Un coup de poignard transperça le dos de la jeune femme, qui se redressa. Les souvenirs des mots échangés entre les deux amants lui revinrent en mémoire, une nouvelle nausée la prit à la gorge.
Au travers de ses longues boucles emmêlées, l’œil gris de Gisèle fixa le Duc. Une flamme brillait dans sa pupille.
— Jamais, annonça-t-elle d’un ton sans réplique.
La jeune femme tourna les talons et se précipita vers sa chambre. En chemin, elle croisa de nouveau Clovius.
— Faites atteler la voiture, lui ordonna-t-elle, je pars pour Hautebröm.
Le soir même, le carrosse de Giselle, tirée par quatre chevaux, s’échappa dans la nuit. Elle laissait derrière elle la formidable berline prêtée par la famille impériale et les deux gardes en uniforme. Au travers des rideaux, le regard brillant de Léonie s’était braqué sur les roues en marche, qui avait disparu à l’angle de la rue.
Gisèle fit le voyage d’une traite, imposant à Constance et à son chauffeur un rythme épouvantable. Fixant le paysage défiler sous ses yeux, elle ne desserrait pas les dents. Elle ressassait sa colère, passait de la rage au désespoir, choquée par les paroles de son père.
Son bonheur, semblait-il, n’avait jamais eu d’importance pour lui.
Constance essaya de la faire parler, afin de connaître les raisons de ce soudain départ. La suivante était chiffonnée de quitter si rapidement la capitale et de retourner à Hautebröm. Loin de la ville et de Léonie, elle allait s’ennuyer.

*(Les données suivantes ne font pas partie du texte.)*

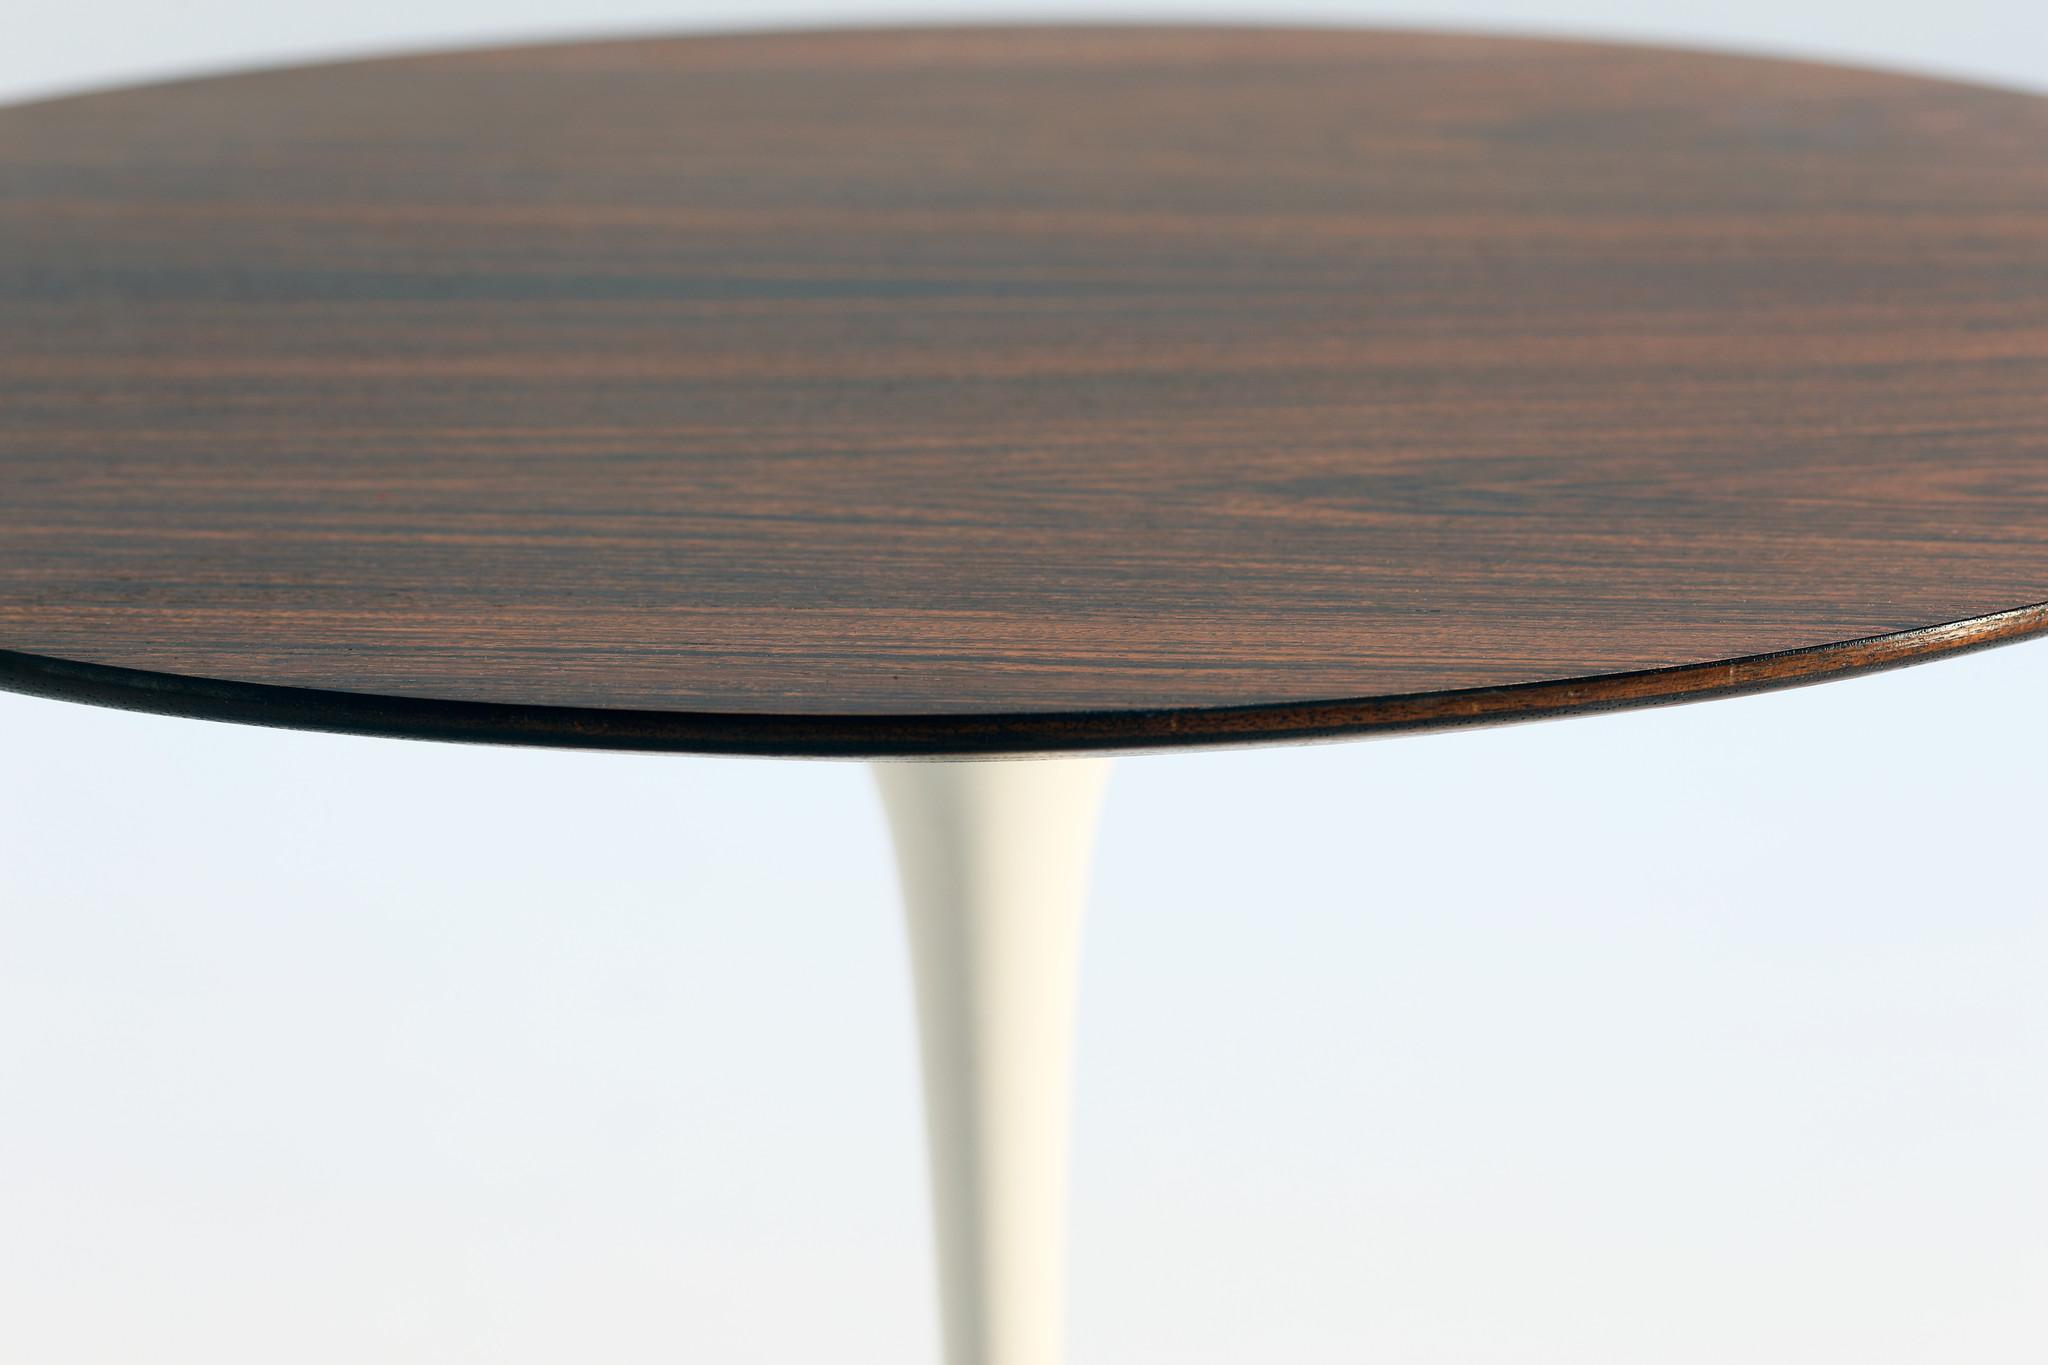 Knoll Tulip side table design Eero Saarinen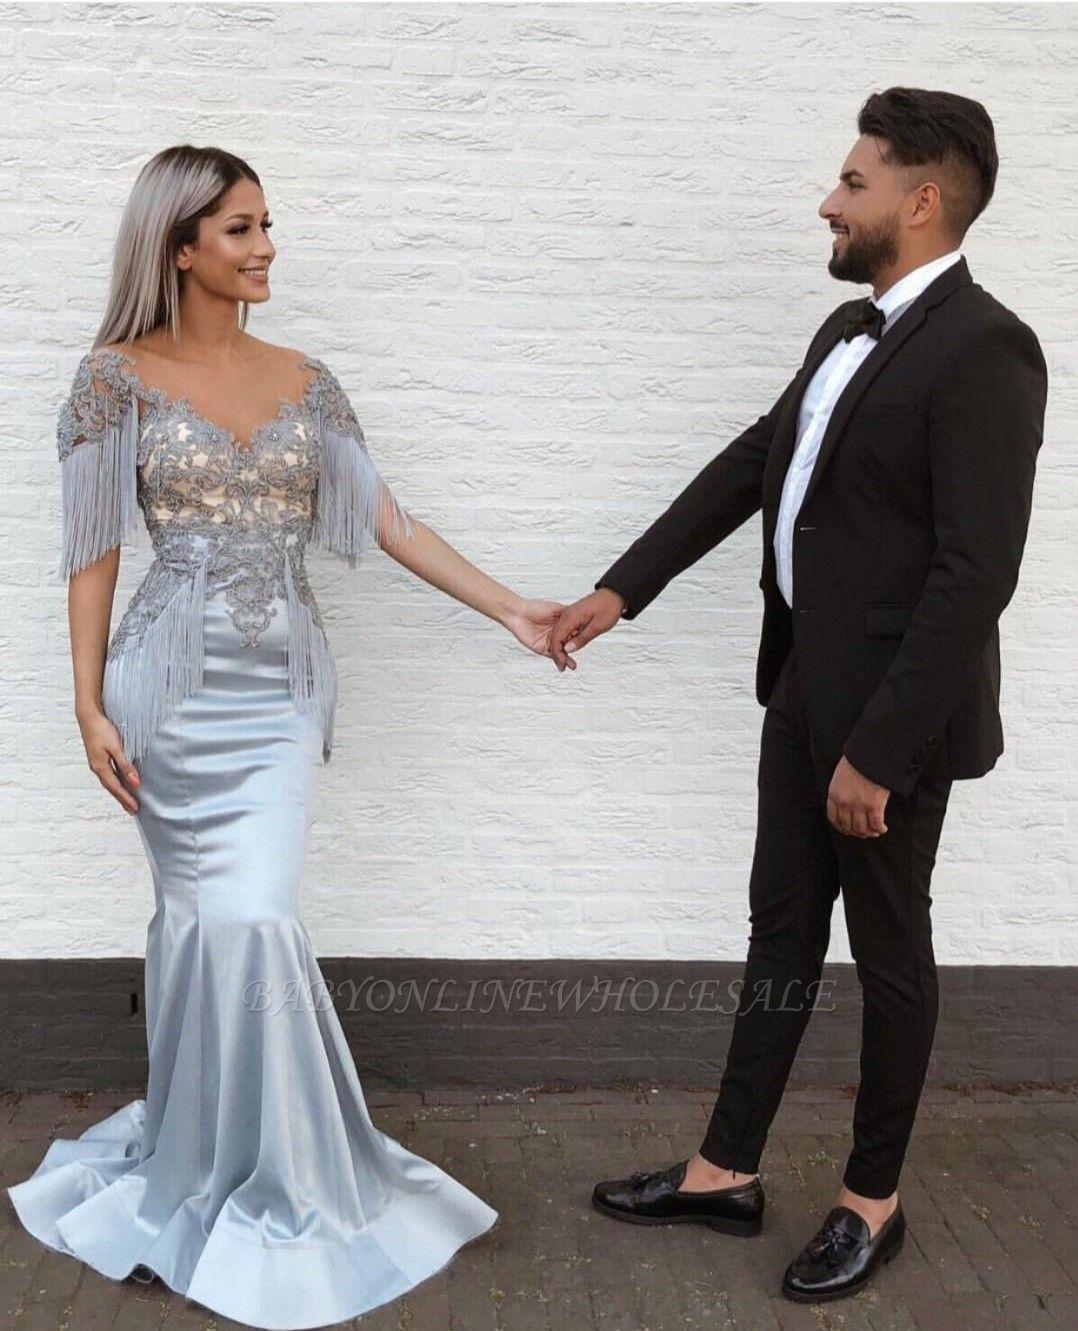 Elegant Mermaid Sky Blue Evening Gowns | V-Neck Prom Dresses with Tassels

Giselle avait également ordonné à ce que toutes ses affaires soient livrées dans le mois à la demeure principale. Tout le monde compris qu’elle s'éloignait de Lengelbronn pour longtemps.
En arrivant sur ses terres, Giselle ralentit l’allure.
Les habitants reconnurent sa voiture. La jeune femme prit alors le temps de voir l’étendue des inondations et l’avancée des travaux sur les digues de la rivière.
Auprès des sujets du Duché, Giselle se détendit.
Ici, au moins, je peux faire quelque chose…, pensa-t-elle les larmes aux yeux. Si mon destin est de me marier puis de m’exiler à Hautebröm pour toujours, alors je m’y résignerai.
Mais elle se rappela qu'Iphigénie devait la remplacer tôt ou tard, et cela plongea la jeune femme dans une nouvelle tristesse. Où résiderait-elle si Léonie devenait la maitresse officielle de Dusan ?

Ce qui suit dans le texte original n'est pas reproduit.